Work order -> With pictures excluded, repeat exactly the lines from the one containing "1947 - Verdun" through the last line of the material below.

Data provided ->
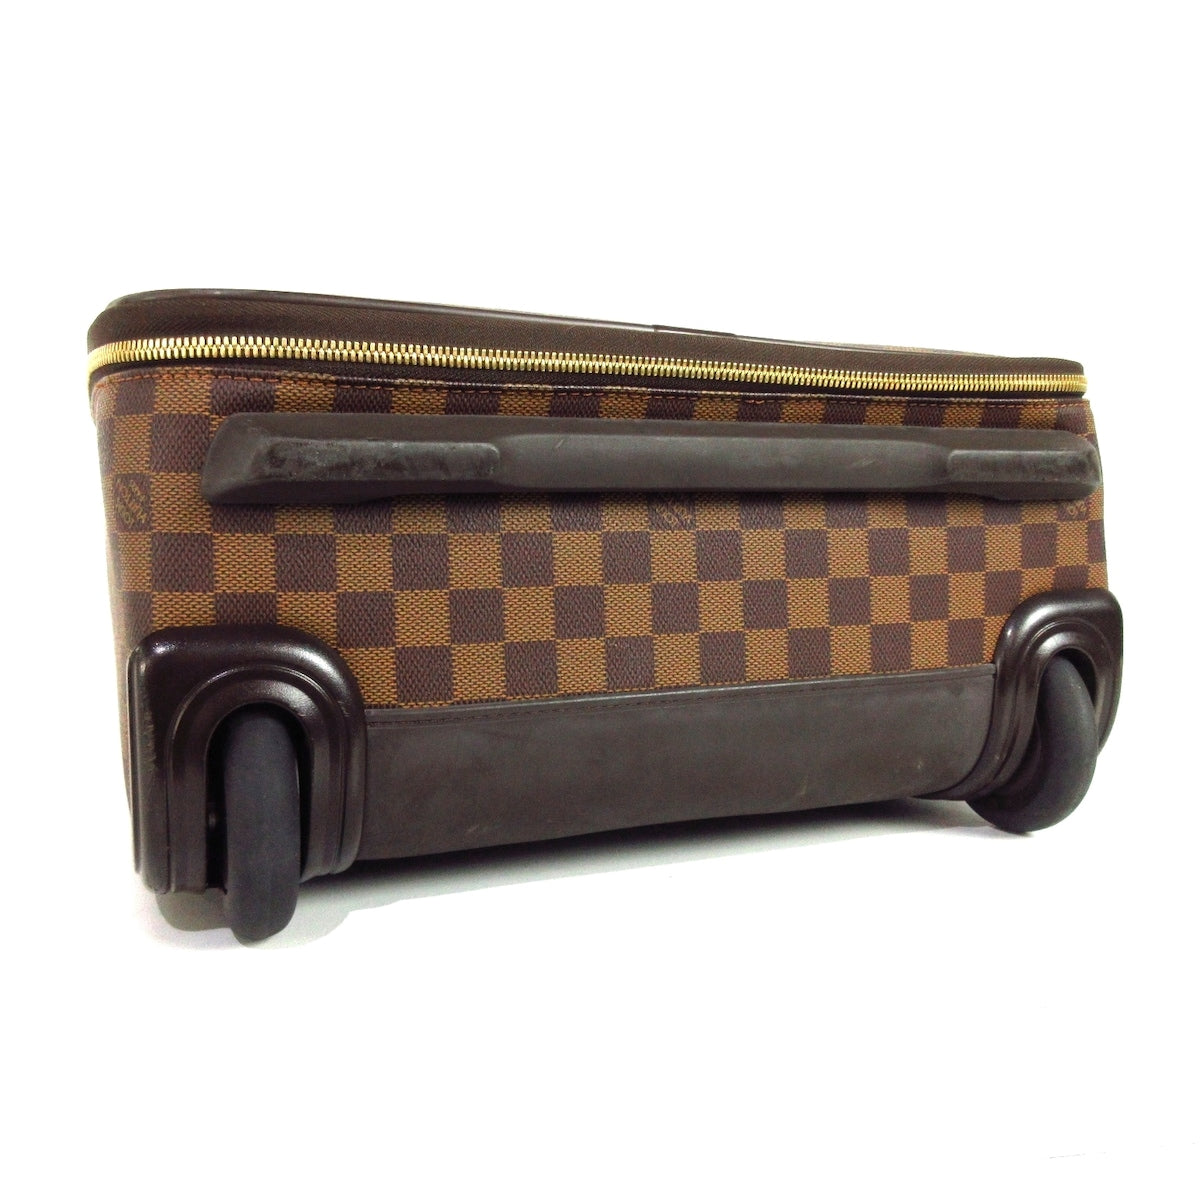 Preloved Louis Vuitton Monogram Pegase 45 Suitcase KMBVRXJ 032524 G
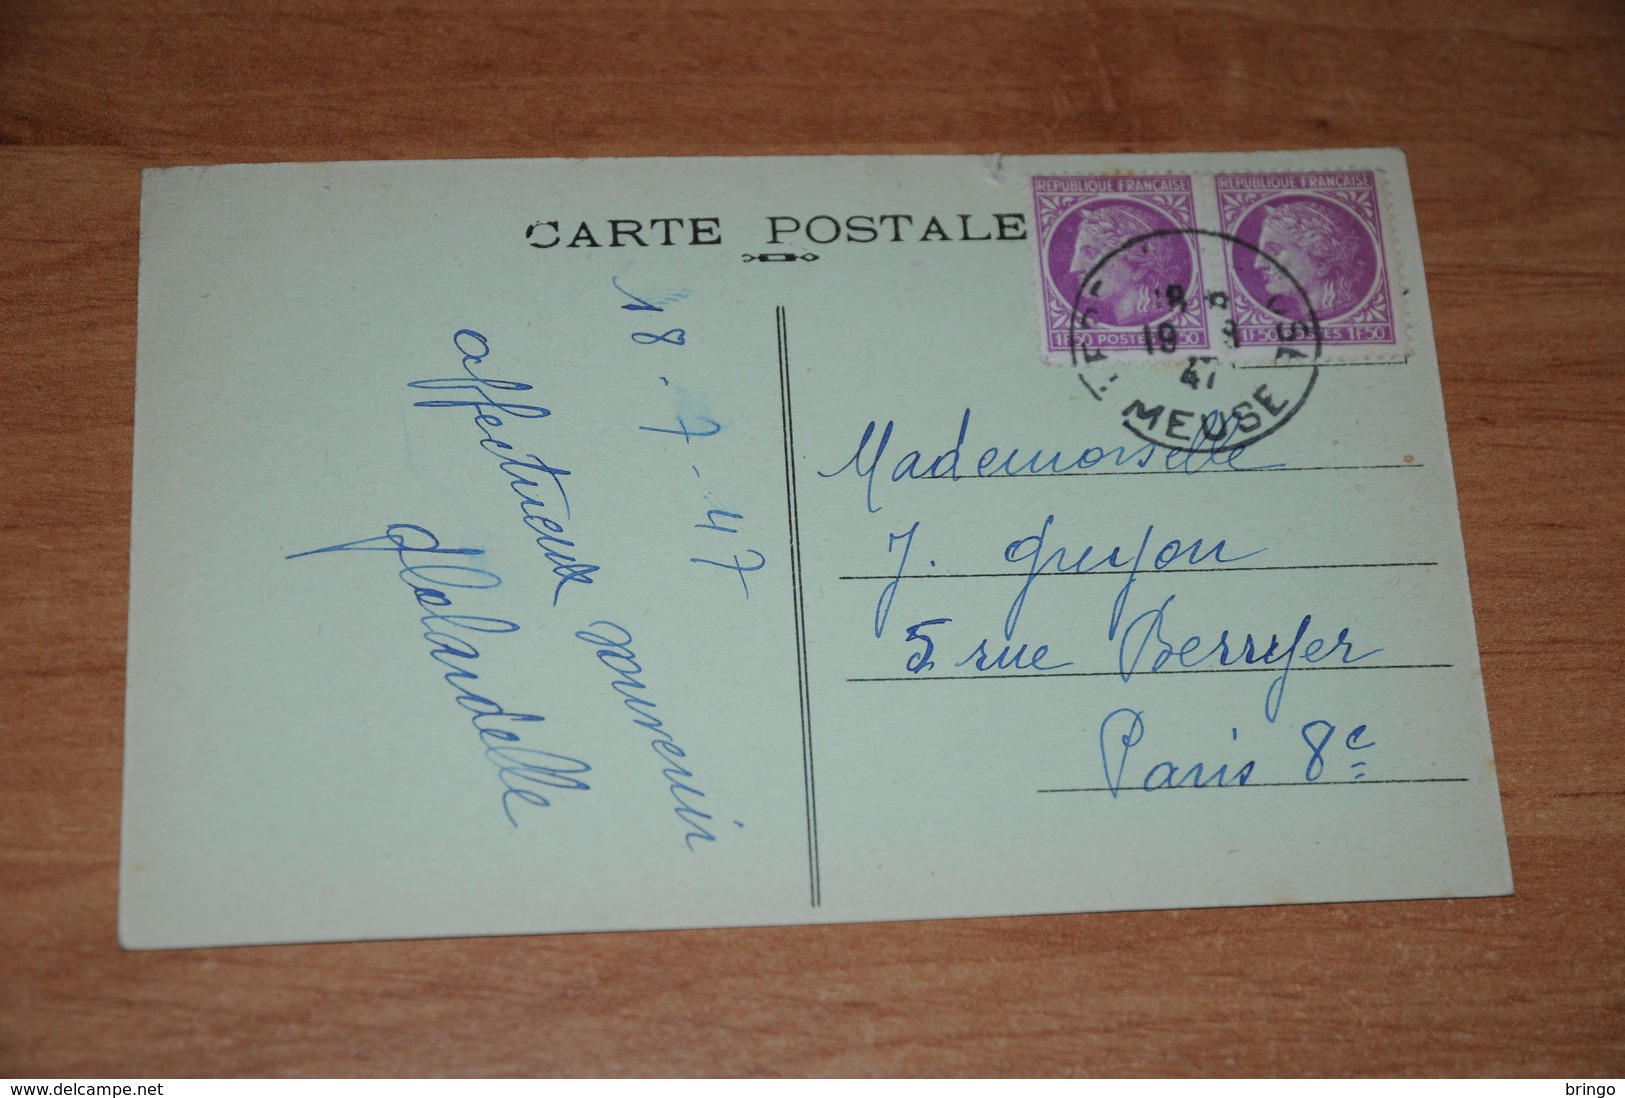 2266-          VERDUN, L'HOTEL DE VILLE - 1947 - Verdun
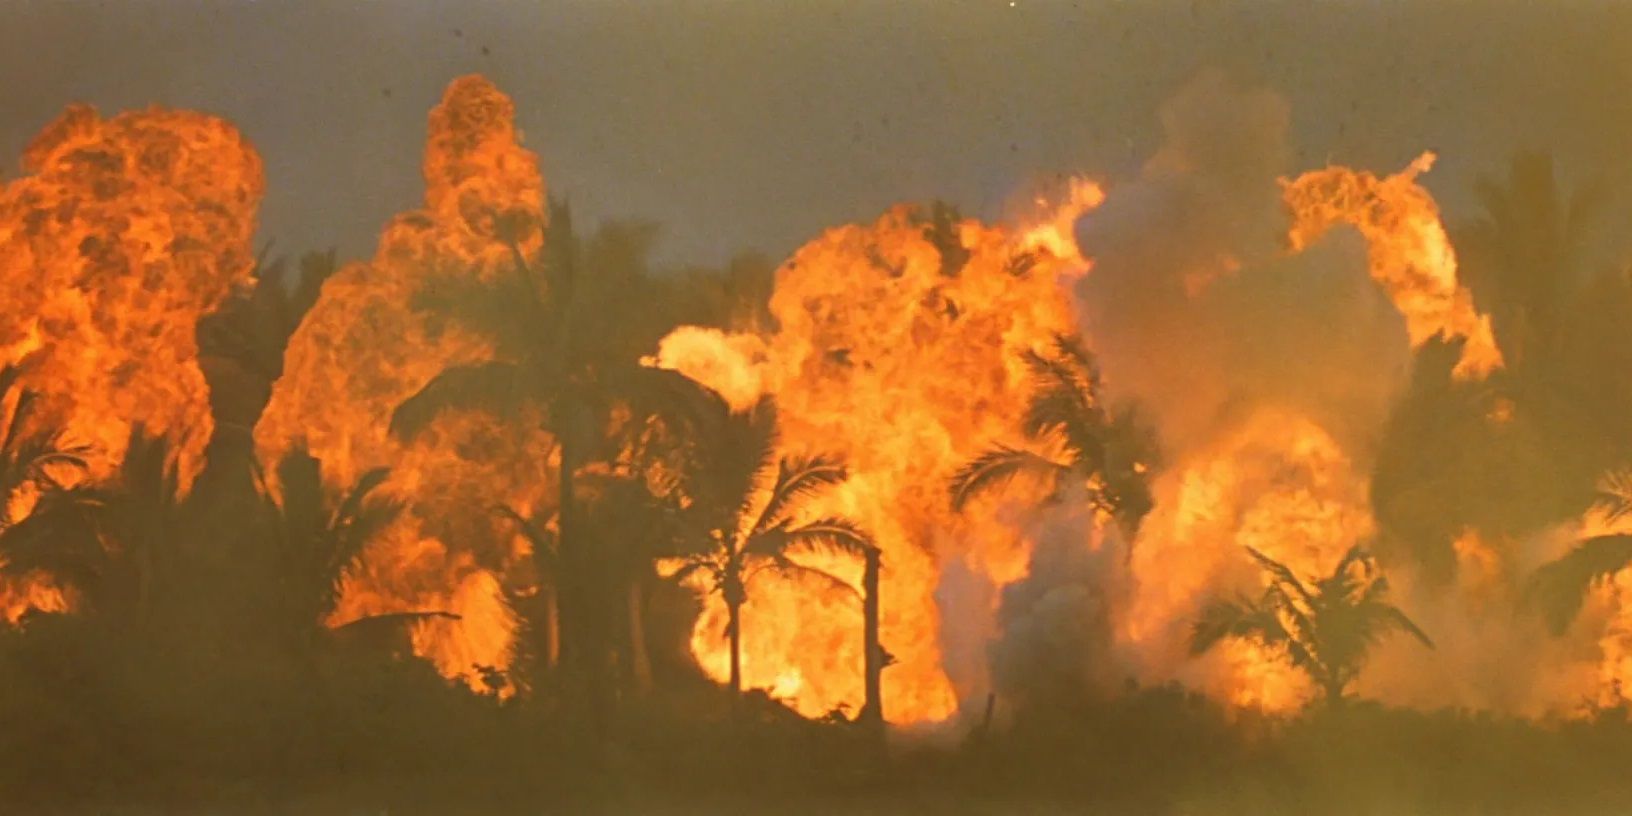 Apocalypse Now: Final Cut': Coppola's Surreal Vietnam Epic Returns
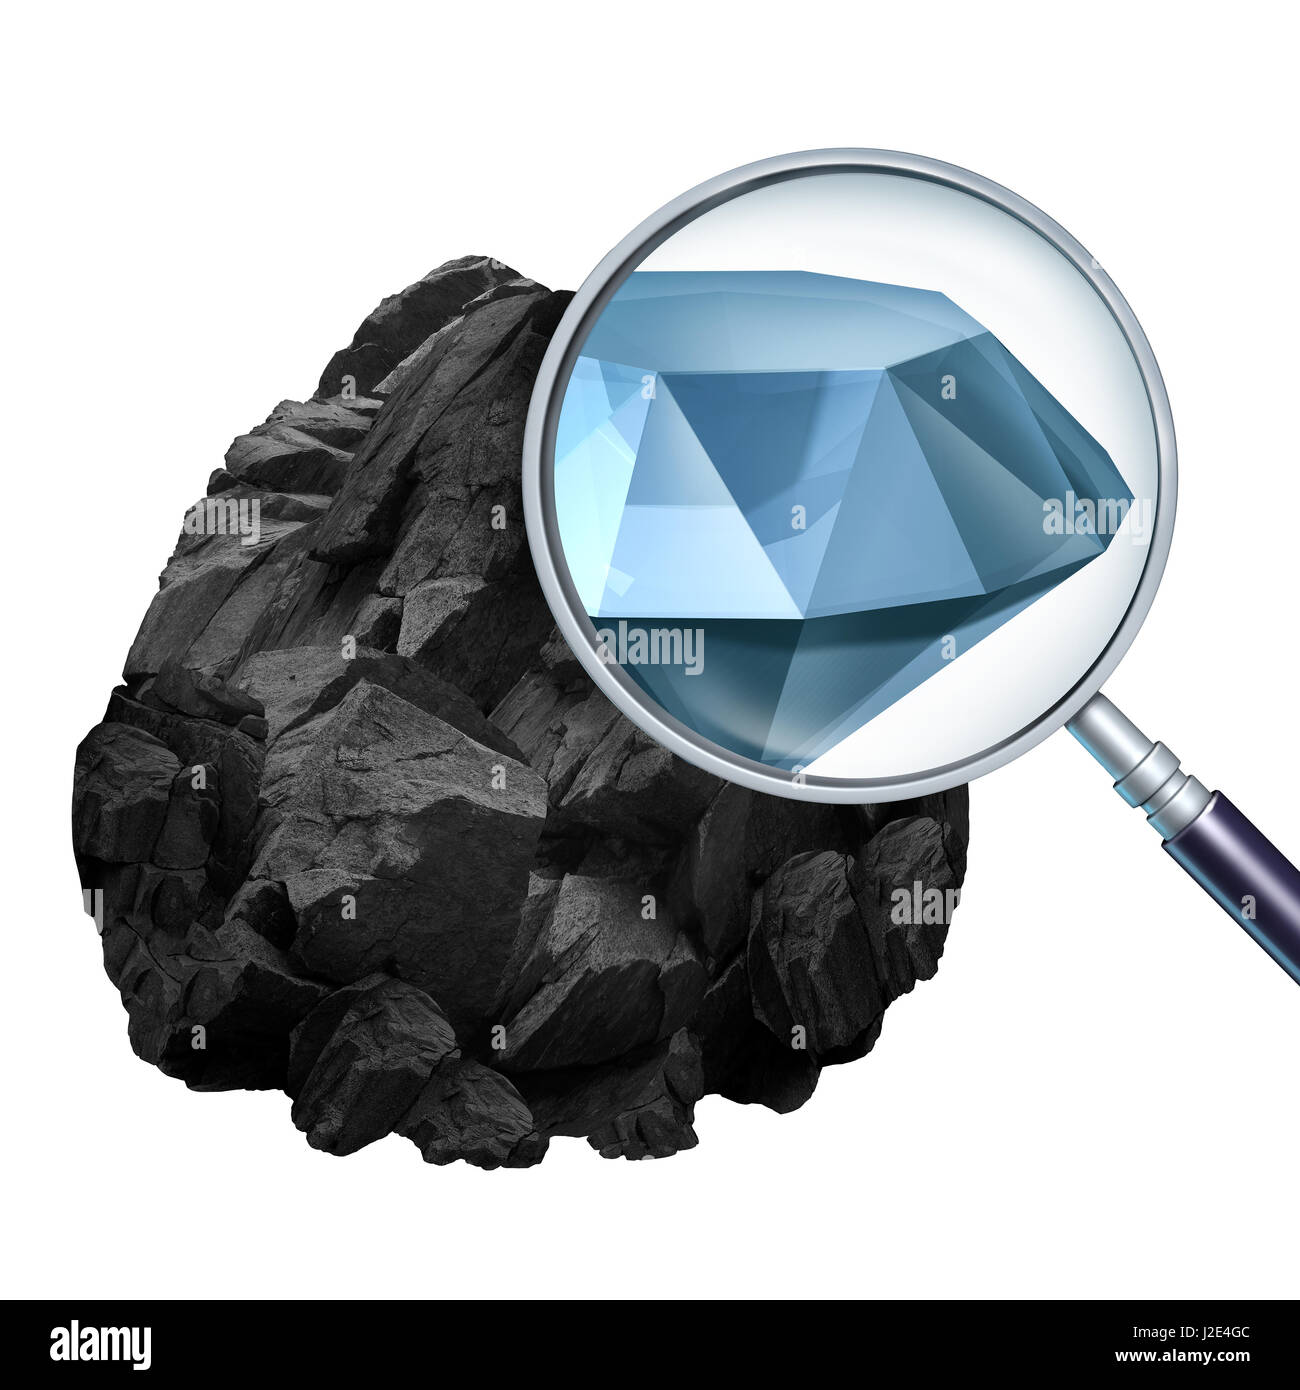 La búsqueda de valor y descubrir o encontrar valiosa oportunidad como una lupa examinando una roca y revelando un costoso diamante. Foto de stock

Answer section ->
 2266-          VERDUN, L'HOTEL DE VILLE - 1947 - Verdun
 Apocalypse Now: Final Cut': Coppola's Surreal Vietnam Epic Returns
 La búsqueda de valor y descubrir o encontrar valiosa oportunidad como una lupa examinando una roca y revelando un costoso diamante. Foto de stock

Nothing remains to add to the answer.